Healthcare resource utilization and costs of managing AML patients are substantial. Patients who were male, of a younger age, had a history of MDS or other hematologic malignancy (excluding CMML), and had previously received cytotoxic treatment (excluding HMA) were more likely to be treated. In treated patients, most of the costs are incurred during the initial period before remission or relapse. Patients with tAML/AML-MRC have similar healthcare resource utilization and costs as the overall AML population and have shorter follow-up, possibly reflecting poorer survival.

Transparency

Declaration of funding

This study was sponsored by Jazz Pharmaceuticals, Inc.

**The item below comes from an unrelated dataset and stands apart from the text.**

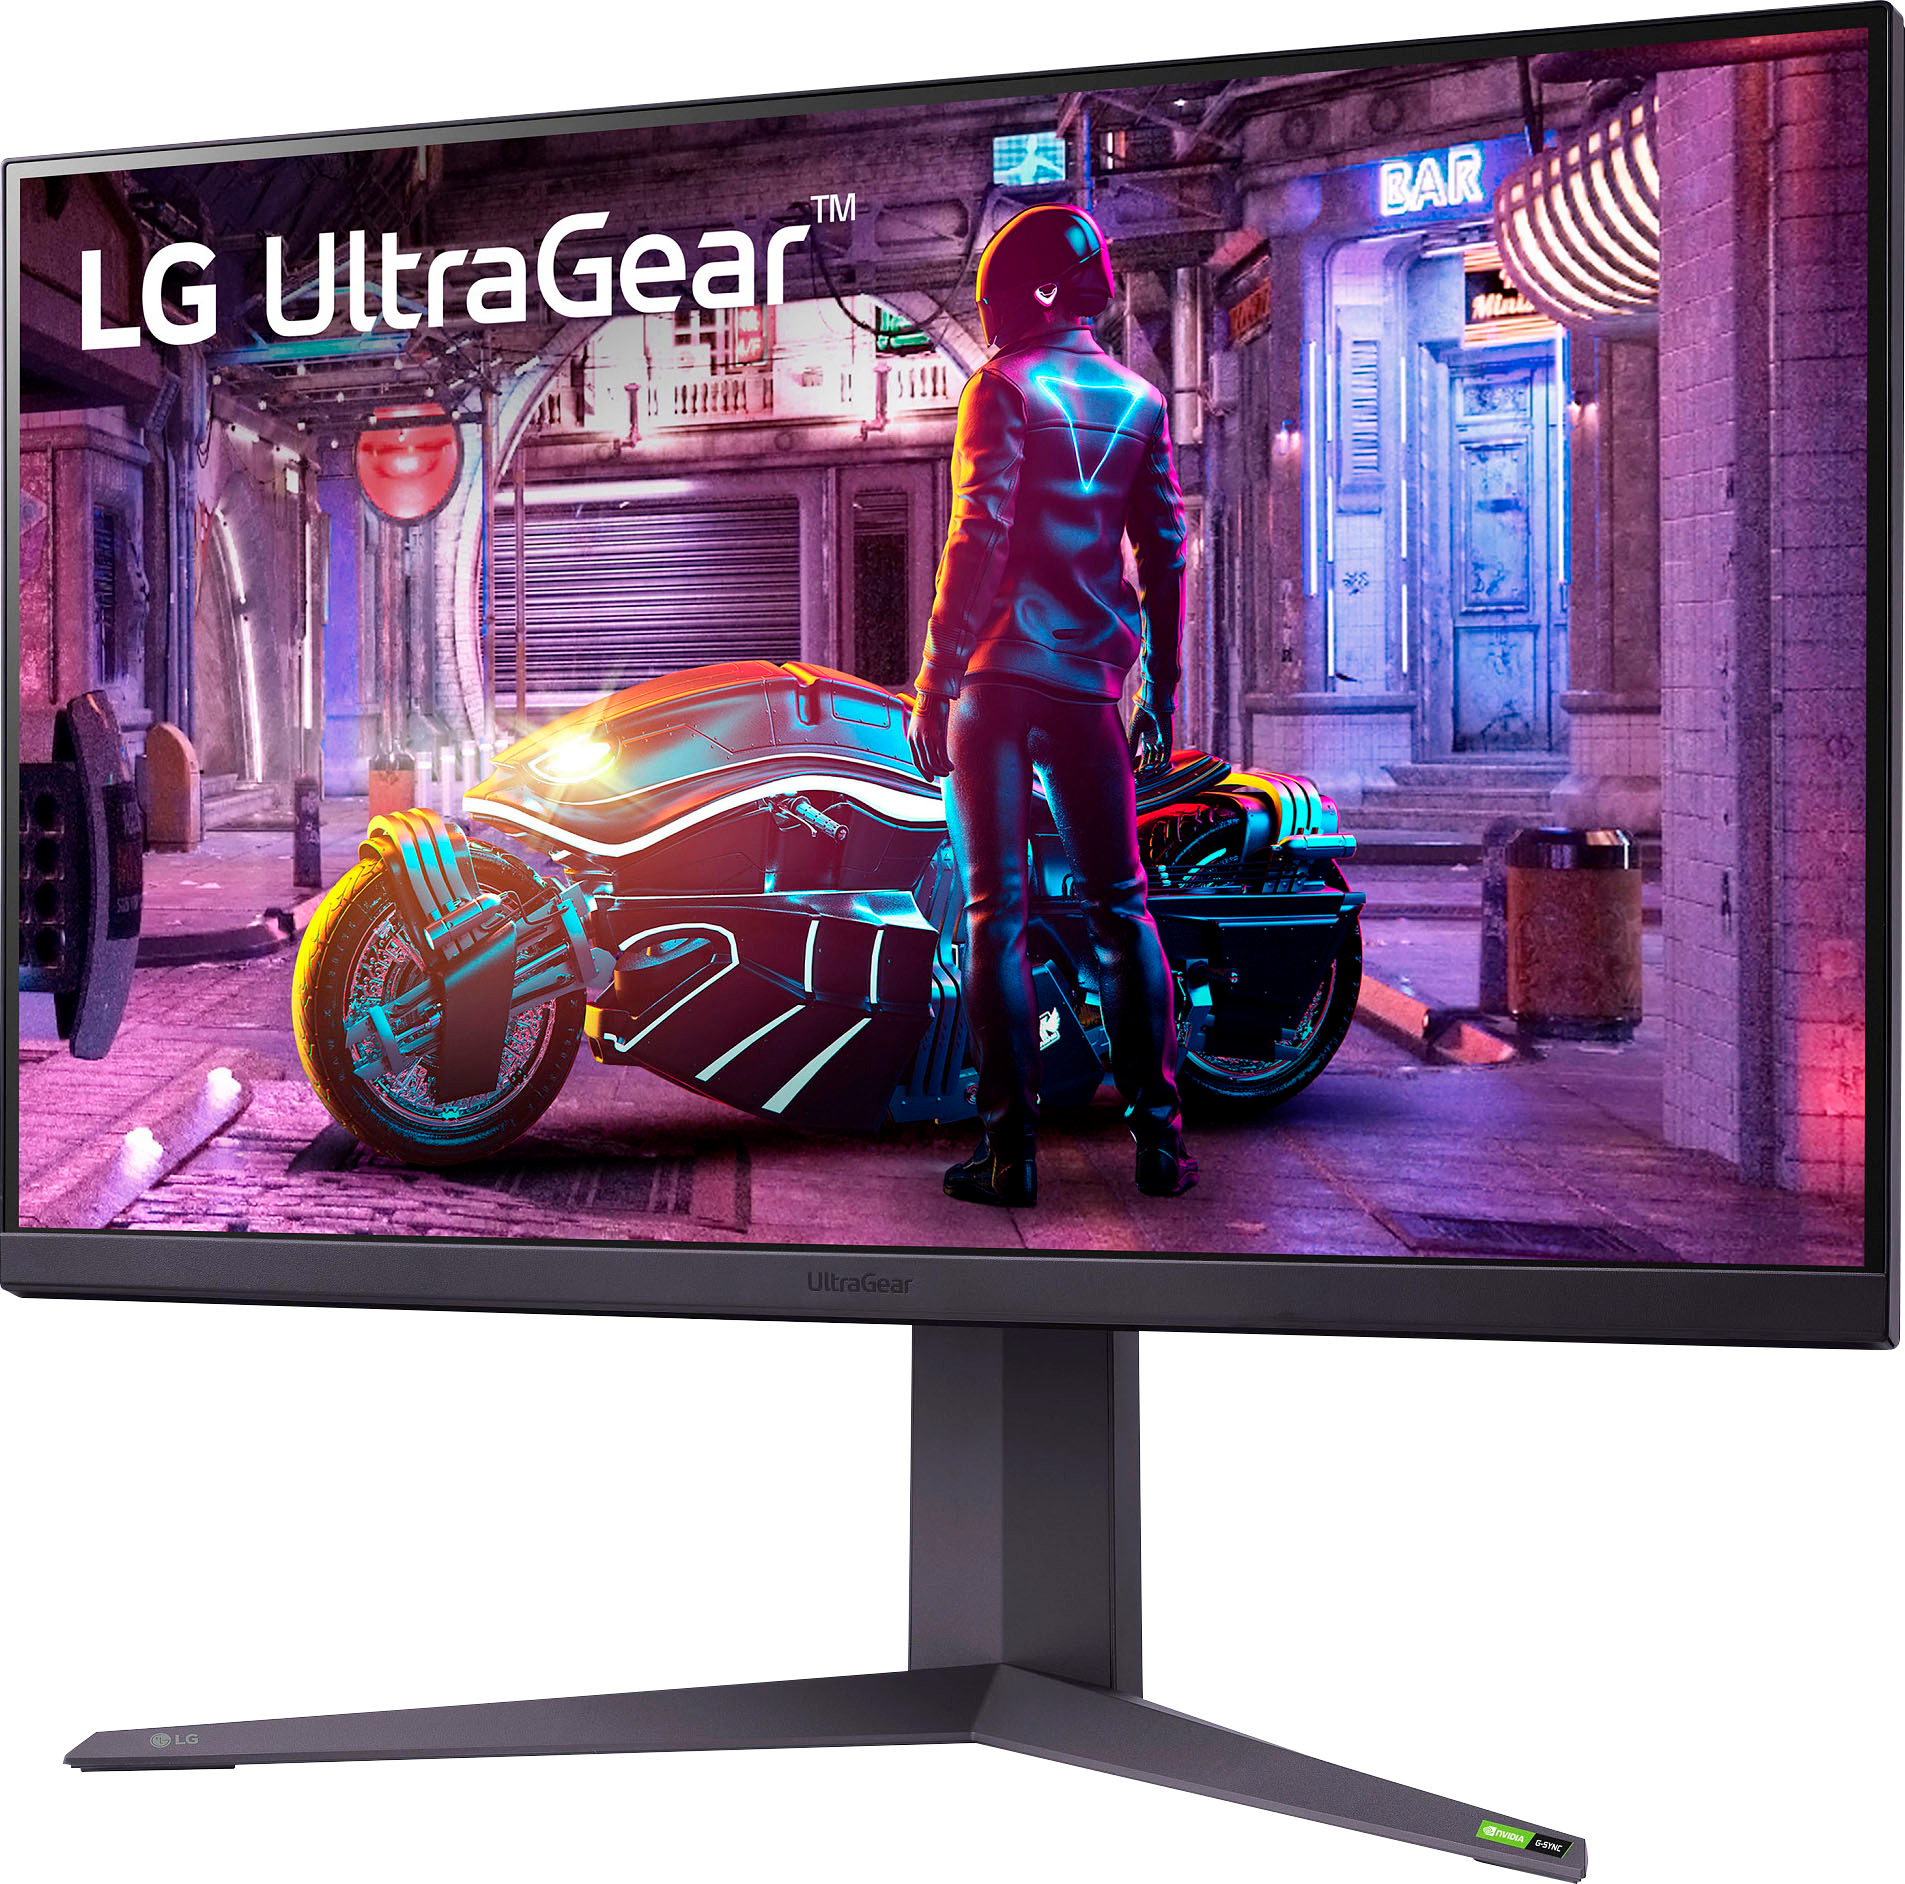 Angle View: LG - UltraGear 32" IPS LED QHD G-SYNC Compatible and AMD FreeSync Premium Pro Monitor with HDR (HDMI, DisplayPort)
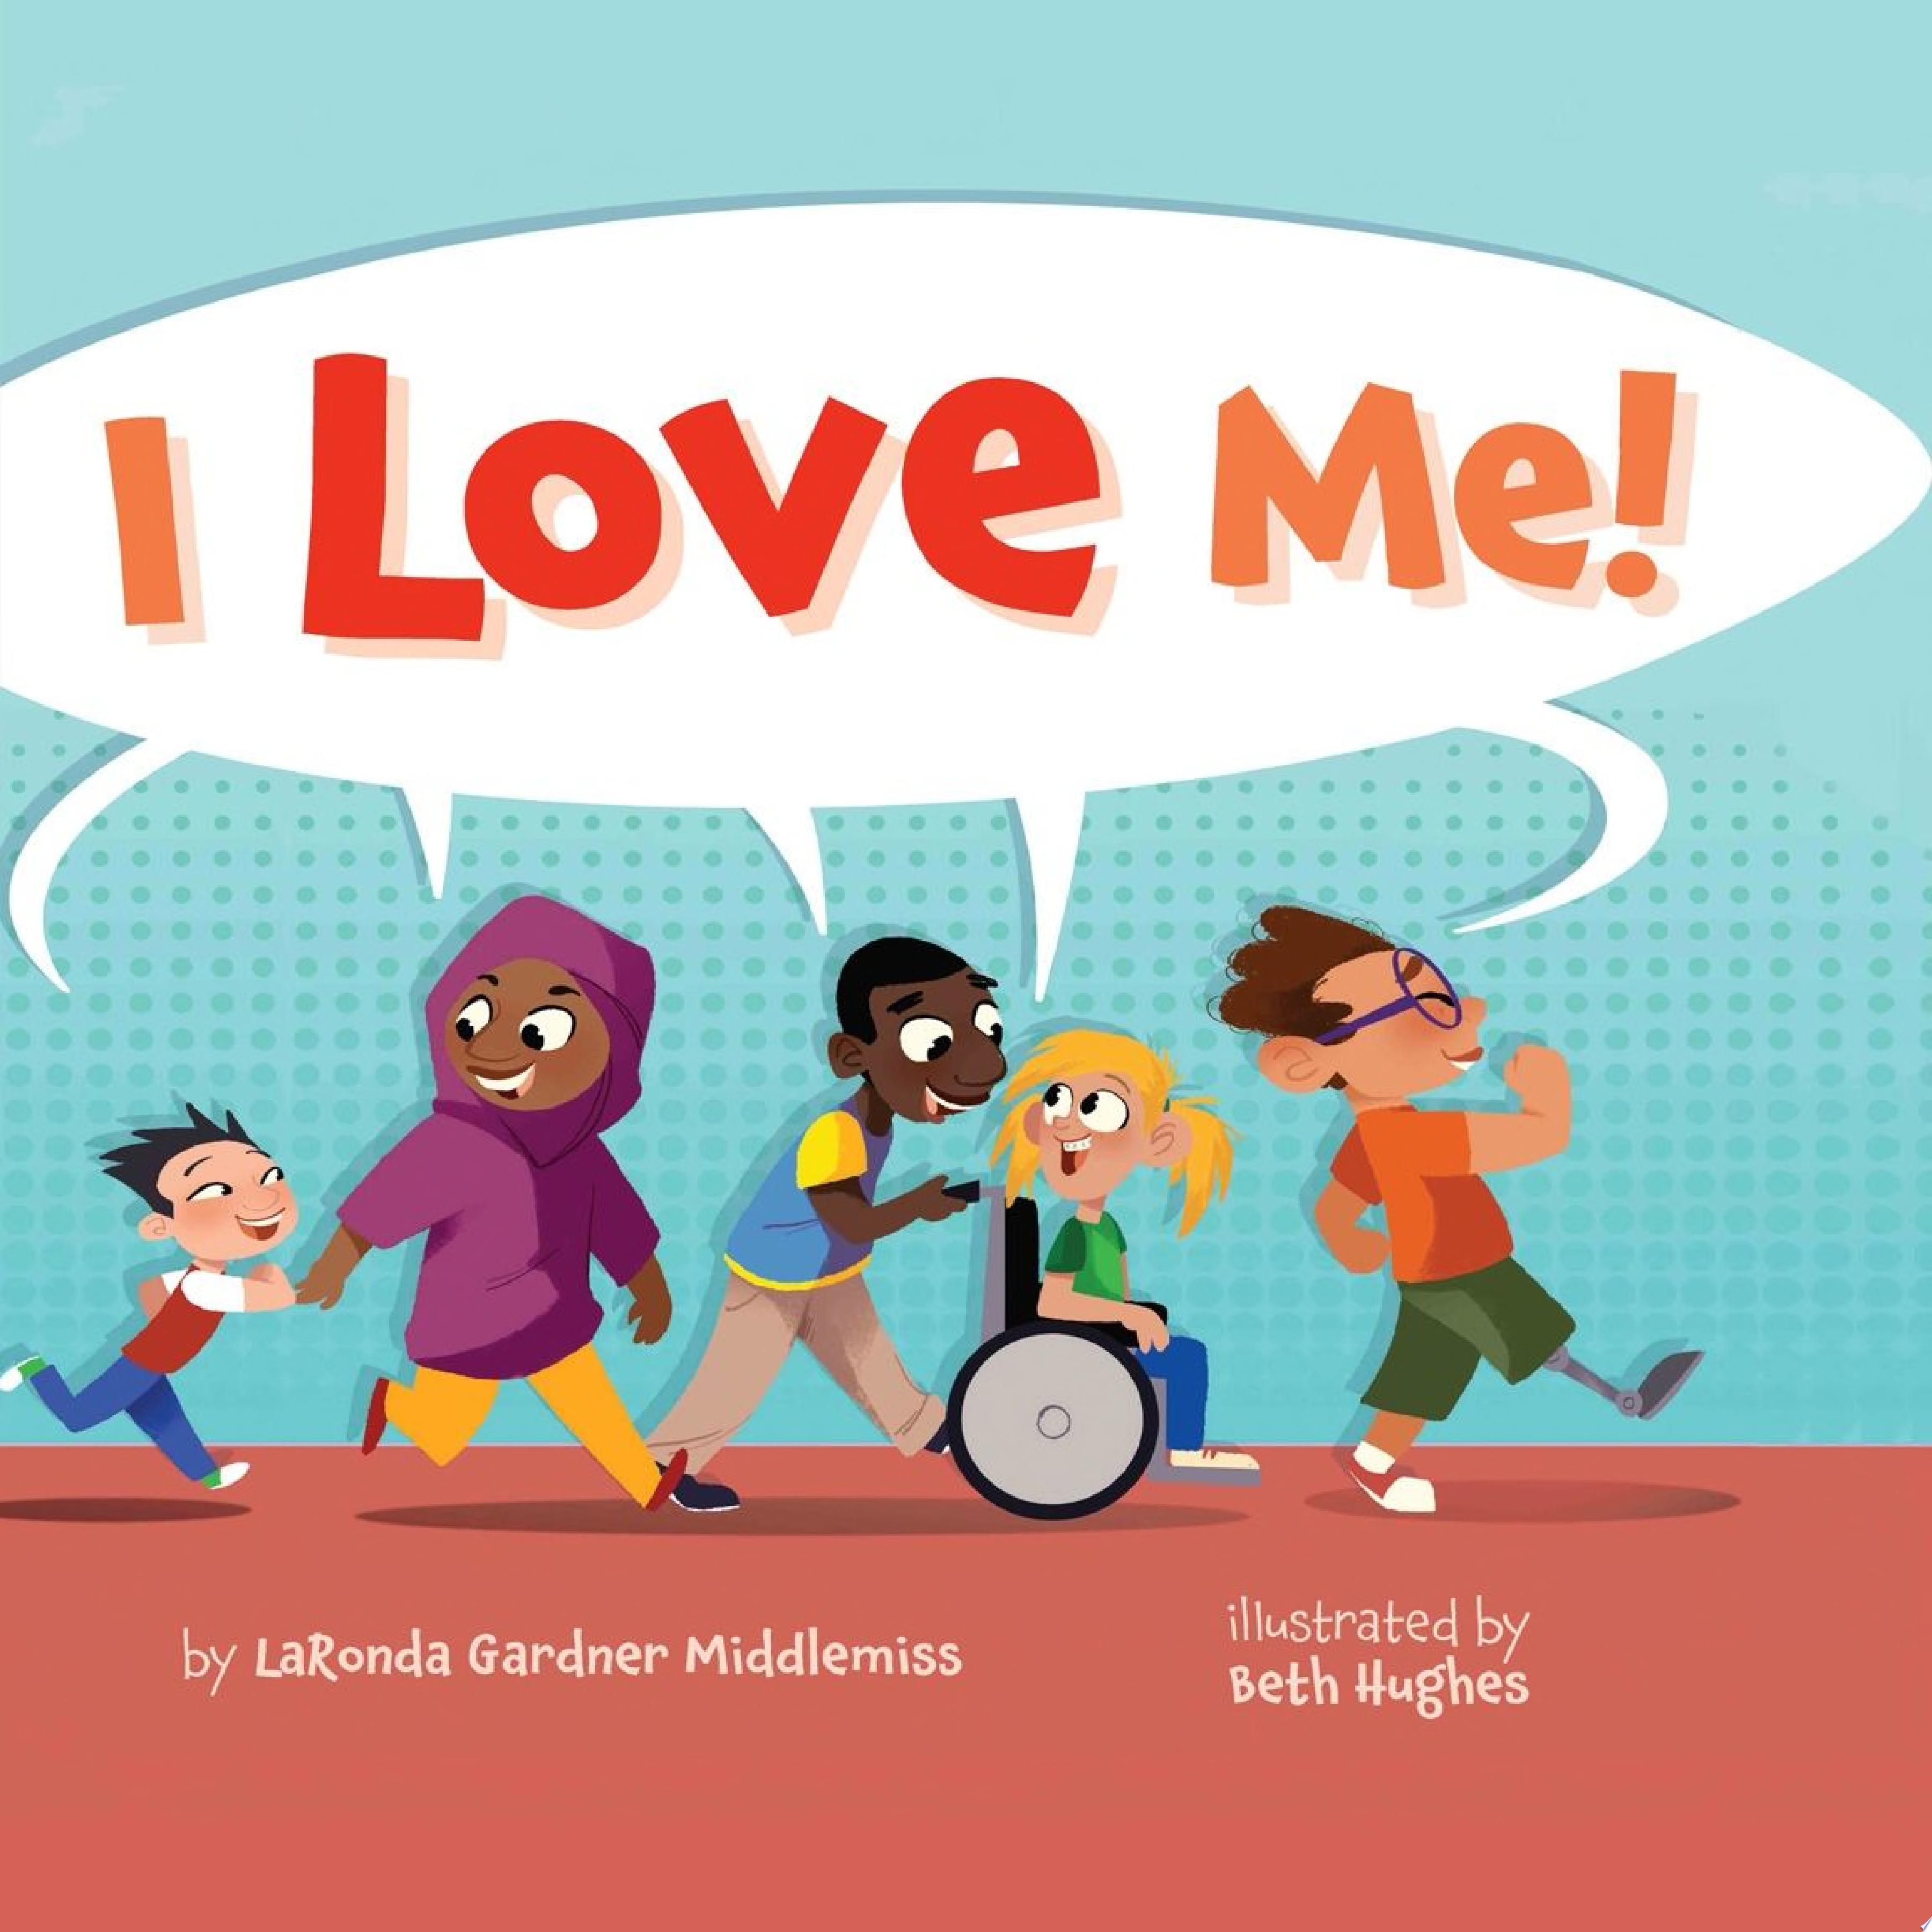 Image for "I Love Me!"

Declaration of financial/other interests

MH, AS, and TED have received research funding from Jazz Pharmaceuticals, Inc. KCC was employed by Jazz Pharmaceuticals at the time of this research and is currently employed by Juno Therapeutics, Inc., a Celgene company, and has stock ownership in Amgen, Baxter, Bayer, Celgene, Gilead, Jazz Pharmaceuticals, and Shire. A peer reviewer on this manuscript discloses that they are employed by Pfizer, Inc.; the remaining peer reviewers have no conflicts of interest to disclose.

Acknowledgments

Editorial support was provided by Kimberly Brooks, PhD, CMPP of SciFluent Communications, and was financially supported by Jazz Pharmaceuticals, Inc.

Note

Notes

a In the PharMetrics Plus database, there are patients covered by the Medicare Cost plan, also known as Medicare Gap or Medicare Supplemental. It is an insurance purchased by individuals to cover services not covered by traditional Medicare insurance. Patients submit claims to either Medicare or the Medicare Cost insurer depending on the services consumed. Only the data submitted to the Medicare Cost insurer are captured in the PharMetrics Plus database. Thus, patients on Medicare Supplemental plan lack complete healthcare information and were excluded from the study.